One yearly respite from the noise comes during the month-long ban on noise-making imposed by foremen in the lead-up to the Homowo harvest festival, when it is common for local magnitude vigilantes to hijack loudspeakers of recalcitrant noise-makers.

But aside from this annual break, the government of interference in Accra is a public health concern, feigning topics straddling from increased stress grades to hearing loss, says Dr Dzidzo Yirenya-Tawiah, an environmental and public health research scientist at the University of Ghana.

She detects beings are not aware of bylaws on noise-making, or are put off complaining because of frights it will affect their reputation or standing in the community.

” You may end up being labelled as having an evil influence ,” Yirenya-Tawiah says.

Being labelled as evil or a sorceres or hotshot can be a serious insult, says Dr Cyril Fayose, general secretary of the Christian Council of Ghana.” Witchcraft accusations are very serious matters in Africa ,” he says,” and sometimes if you are seen as doing witchcraft you can even be punished by society .”

In August last year, religious leaders, local and national government officials composed a taskforce to combat to Accra’s increasing noise levels, focused on education and enforcement.

Gifty
Gifty Gbana, zonal head of the environmental health and sanitation unit at La Nkwantanang Madina Municipal Assembly, Accra. Photograph: Stacey Knott

” People have become very interested and aware of the peril that noise constitutes, so now individual complaints are coming ,” says John Tettey, a taskforce member and head of the education department at the EPA.

Samuel Teye Doku was at the August taskforce meeting representing independent religions.
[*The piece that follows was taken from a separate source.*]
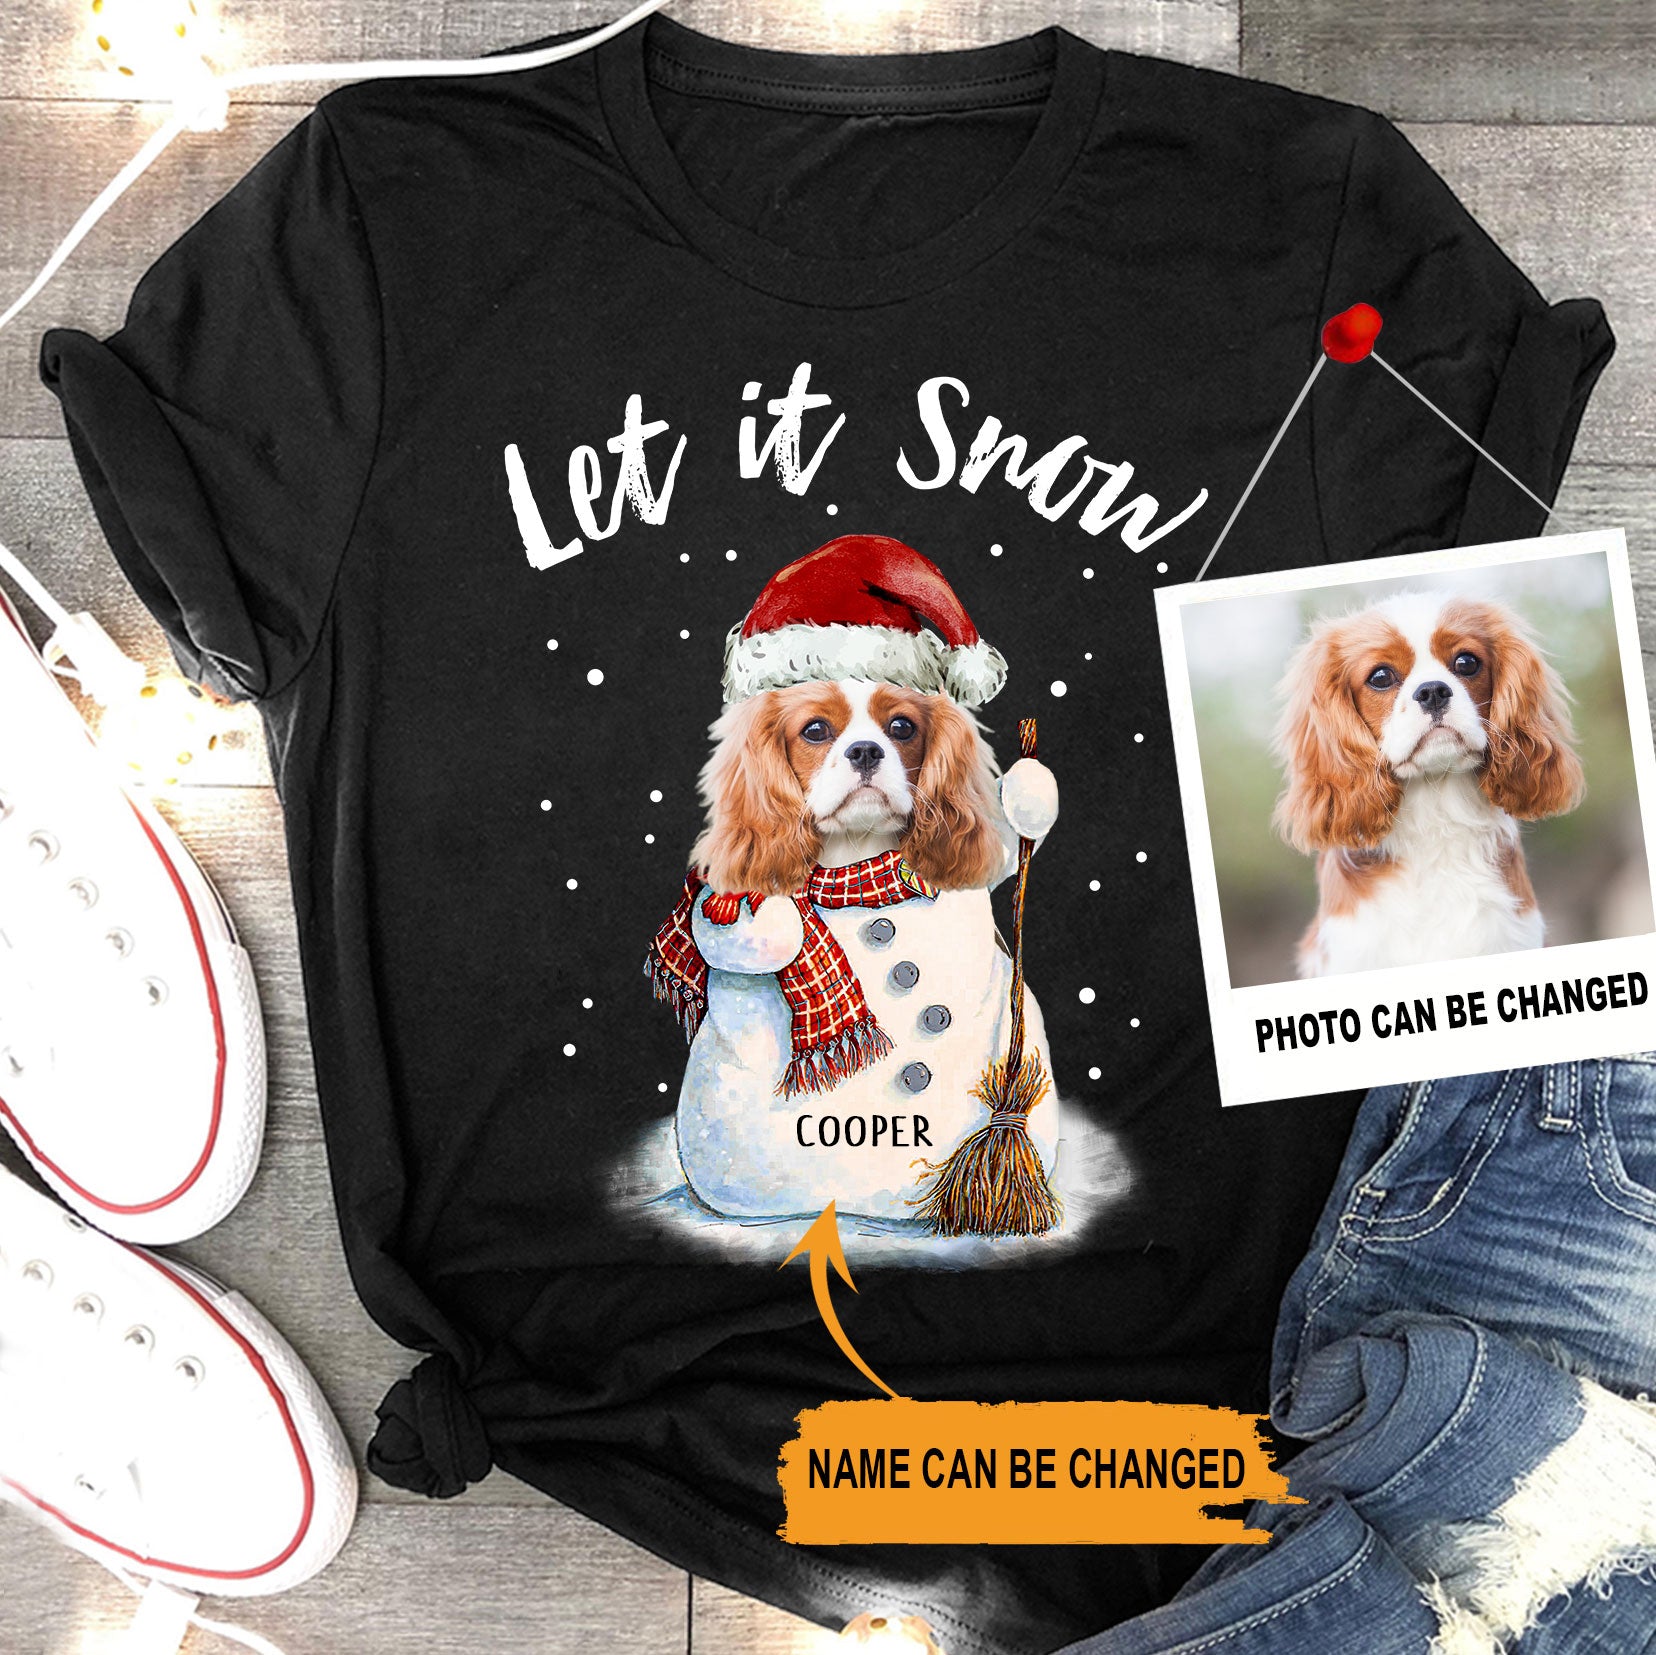 Custom Dog Christmas Funny Outfit, Let It Snow Personalized Dog Shirt Sweatshirt Hoodie, Gift For Dog Lovers, Friend, Family

He personally inspects faiths within his organisation to ensure they don’t realize excessive noise.” The Bible taught us noise-making- God says we should use instruments ,” he says,” but that doesn’t hold us the opportunity to misuse God’s work .”

There are some religions taking preemptive steps, such as the Tesano Baptist church, which has invested over the years in brand-new paraphernalium and changed its interior design in order to reduce noise levels. Members of the flock had complained about too-loud services, says executive Kenneth Palme.” Loud sound doesn’t necessarily mean good resonate ,” he says.
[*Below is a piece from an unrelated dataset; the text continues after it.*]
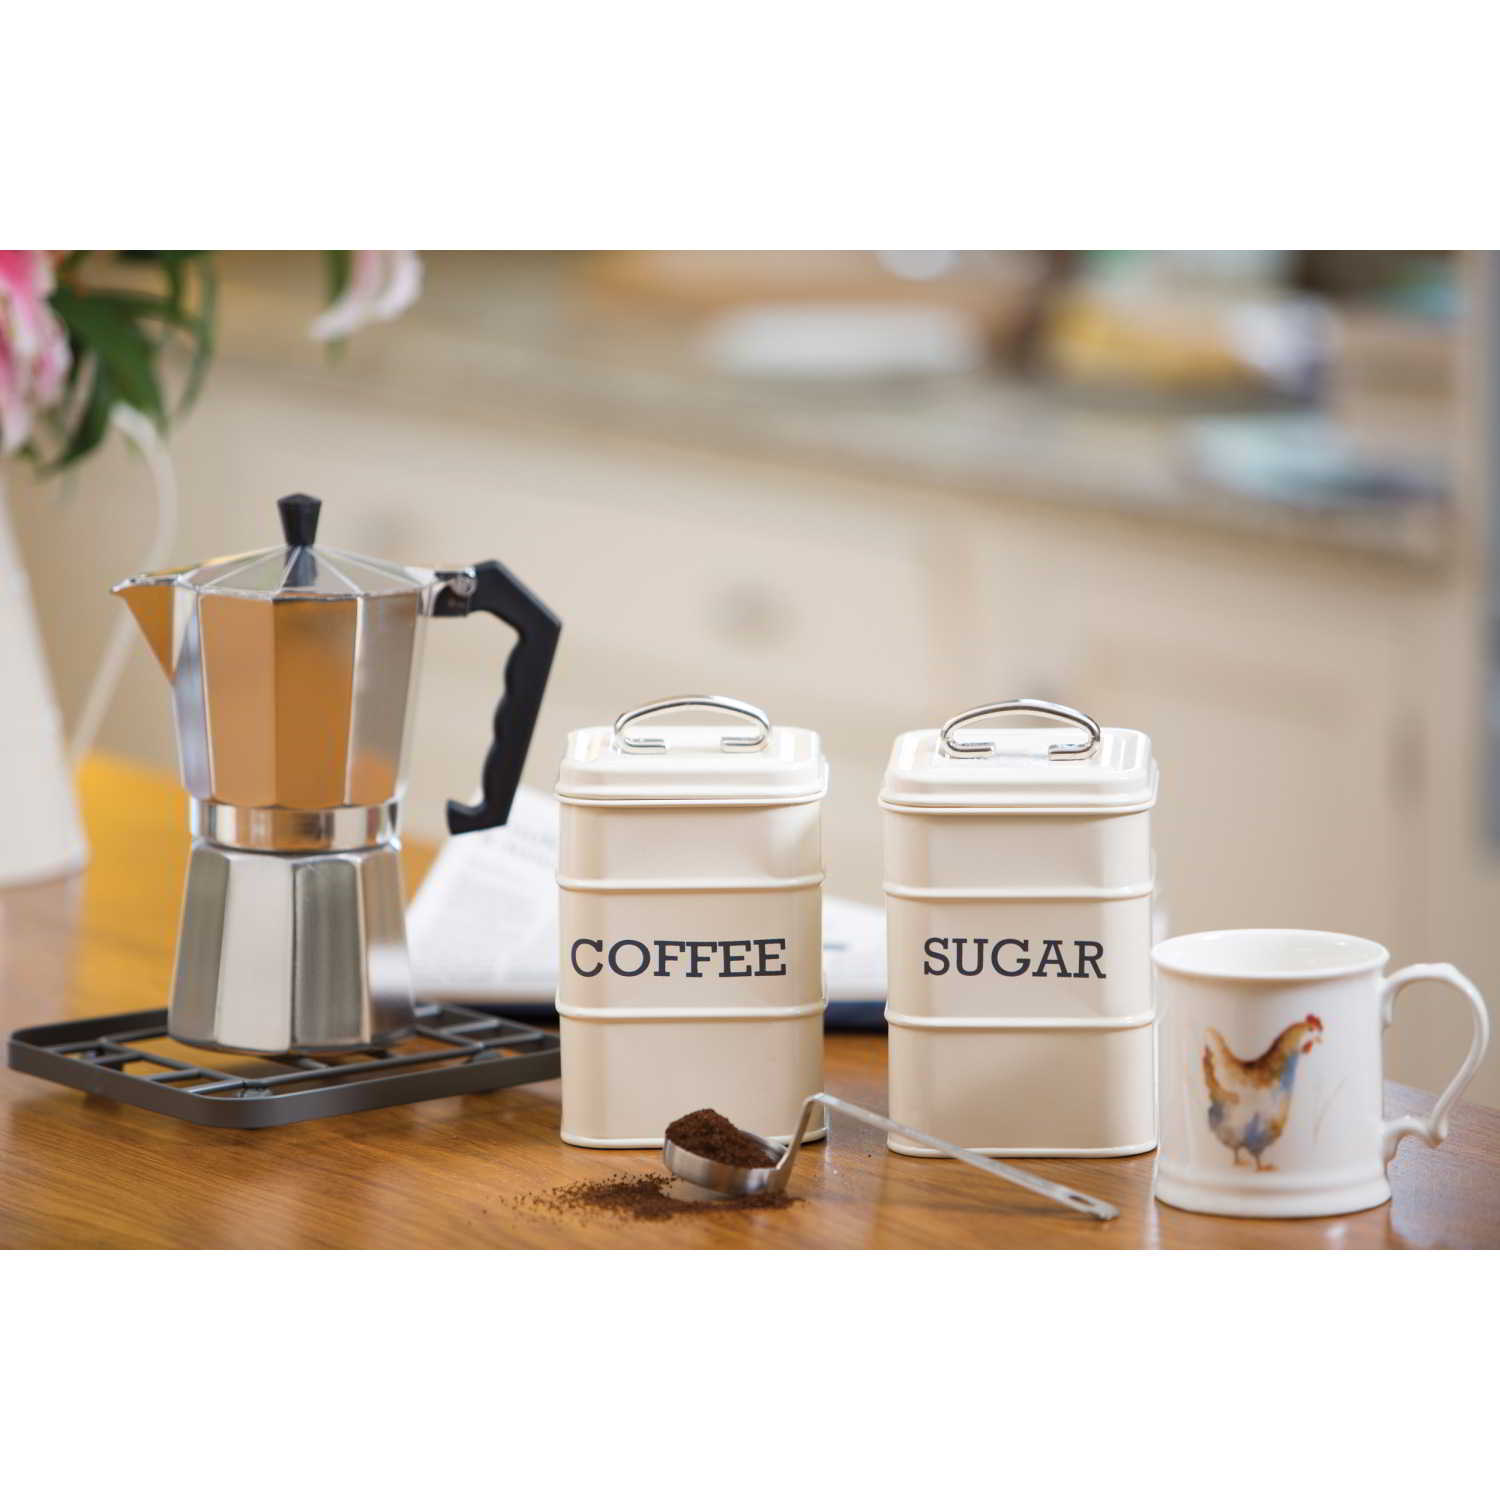 KitchenCraft Living Nostalgia Tea, Coffee and Sugar Canisters in

When faiths do not regulate their racket, going to court can take a lot of time and endeavour due to Ghana’s notoriously slow legal processes. It took 14 years of tenacity and” unspeakable sting and woe” for two residents in the outskirts of Accra to be awarded mars in a high court ruling against two boisterous neighbouring churches.

The January 2019 decree laid down by a tale of complaints, characters, convenes and miscarried district court act, as well as a blatant re-zoning by local authorities of one of the church belongings to allow it to continue to hold business despite the complaints.
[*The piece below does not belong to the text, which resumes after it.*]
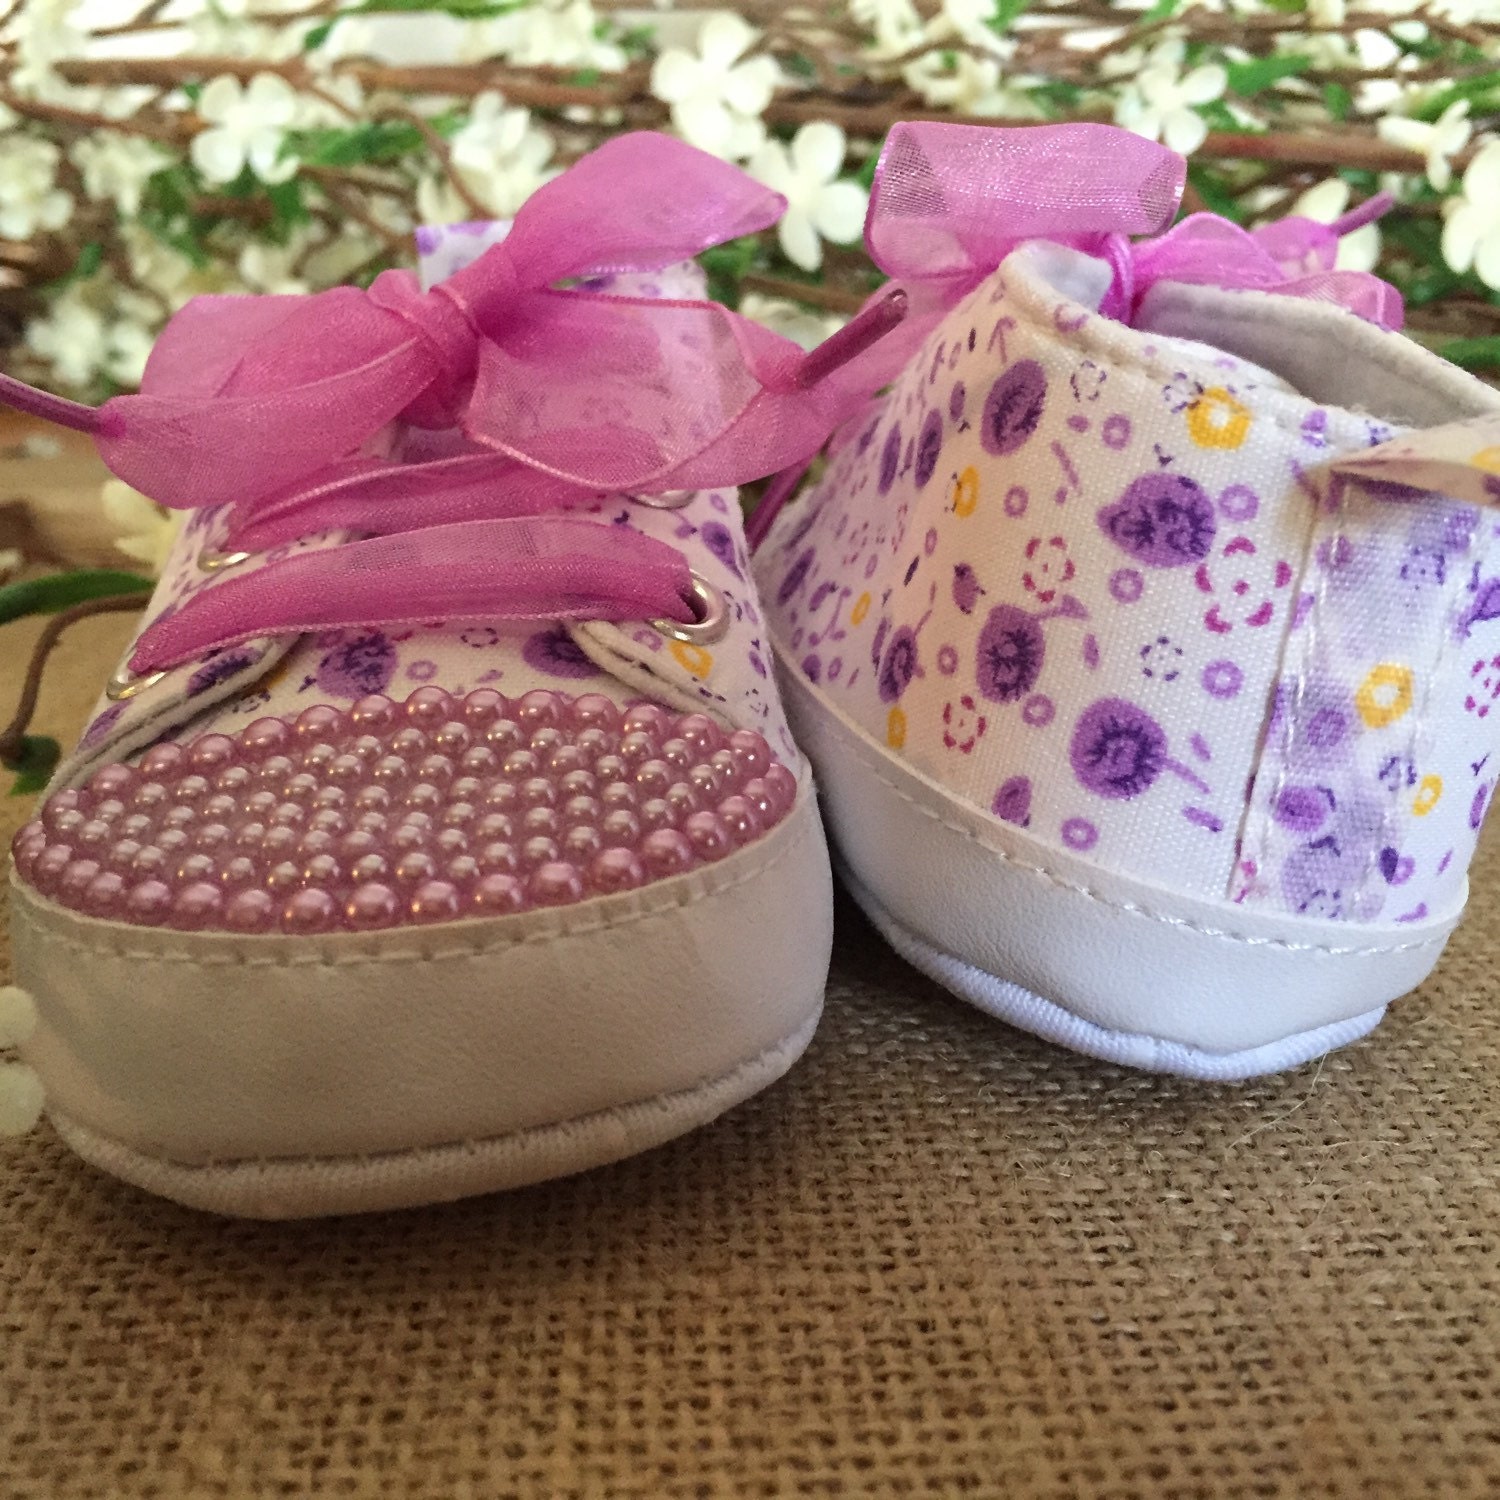 Purple baby girl shoes. Size 5 baby shoes. 4.5 inches long.

The ruling detected both churches in breach of building rules and regulations. They were penalty for induce a nuisance, and the municipal chief executive was fined” for reckless neglect” of the two residents’ rights to” quiet delight of their properties “.

‘My fright is my baby will have a hearing problem’

Such bureaucracy was what stopped Isaac from following through on his grumbles to local authorities- about a pastor who appears intent on keeping on with his evangelism regardless of the complaints.

The noise builds Isaac feel like a bad father-god and partner, he says in the front room of the small one-bedroom flat he hires in their own families house in Madina.

When he moved in, in mid-2 016, he saw no problem with the small prayer service held by his neighbour. Nonetheless, since then, he says his neighbour have also begun accommodating very loud church services, screaming into a microphone in the nights along with 10 worshippers.

Isaac exclusively began to complain when his son was born in early 2018.

” My horror is that my child will have a hearing problem in the future …[ but] when you grumble they “ve seen you” as evil ,” says Isaac, who is himself a Christian.

After reporting the matter to the EPA, he “ve been given” complaining, feeling his concern was being legislated between local and national organizations. With his tenancy lease ending in April, he and his family are counting down the weeks until they move out.